11.4 – Negli atti di gara non era prevista una durata maggiore per la garanzia; la stazione appaltante pur avendone il potere – tenuto conto dalla previsione recata dall’art. 93, comma 5, cit. e della specifica clausola contrattuale sopra riportata – non si è avvalsa della facoltà di chiedere la rinnovazione della garanzia, con la conseguenza che, come condivisibilmente ritenuto dal TAR, avendo il Consorzio presentato l’offerta in data 19/12/2017, alla data del 5 luglio 2019 anche il termine di 180 giorni di cui alla lett. b) dell’art. 2 del contratto stipulato con Elba Assicurazioni era ampiamente decorso.

11.5 – Risulta condivisibile il principio espresso dalla Sezione Quinta secondo cui il termine di scadenza della garanzia non può che essere quello concordato dalle parti nel contratto di garanzia, e quindi, nella fideiussione (Cons. Stato, Sez. V, 16/3/2018 n. 1695).

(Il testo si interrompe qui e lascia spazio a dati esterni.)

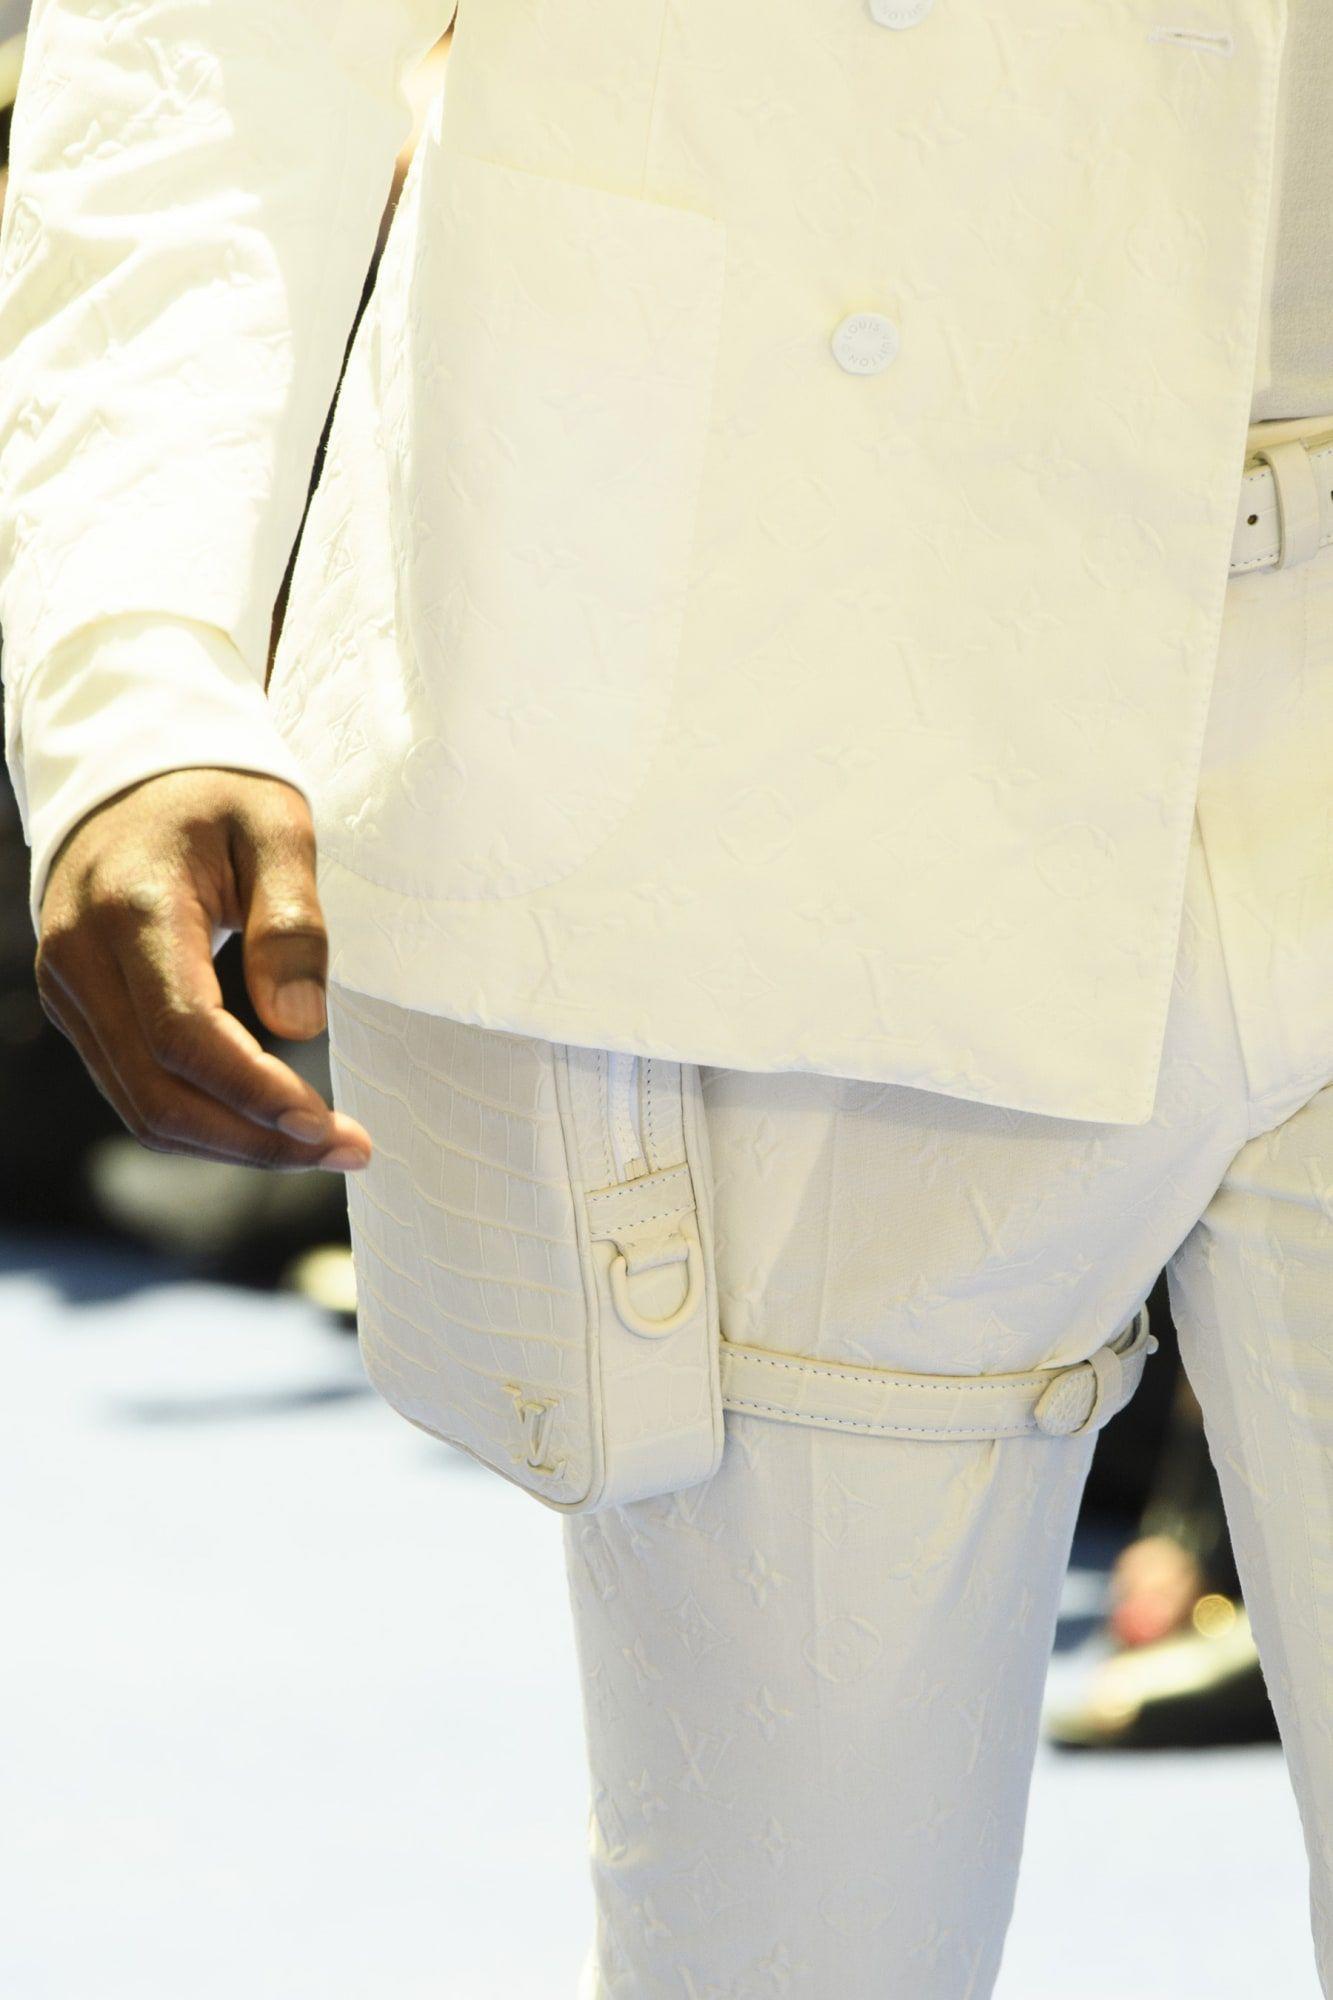 854bd967b6b Virgil Abloh Louis Vuitton Men s Spring Summer 2019 Sneakers Sunglasses  Bags Accessories - Fashionista  Mensaccessories

11.6 – La tesi dell’ultrattività della polizza fideiussoria non risulta persuasiva, in quanto – come condivisibilmente rilevato dal Consorzio Leonardo – la disciplina normativa prevista per la conferma dell’offerta non può essere automaticamente estesa al rinnovo della cauzione, tenuto conto della diversa regolamentazione (art. 32, comma 4 e art. 93, comma 5 d.lgs. 50/2016) e soprattutto della circostanza che nel caso della garanzia il rapporto che si instaura non si riferisce alla sola stazione appaltante e al concorrente, ma comprende anche il soggetto terzo che presta la garanzia, a seguito della stipulazione del contratto di fideiussione.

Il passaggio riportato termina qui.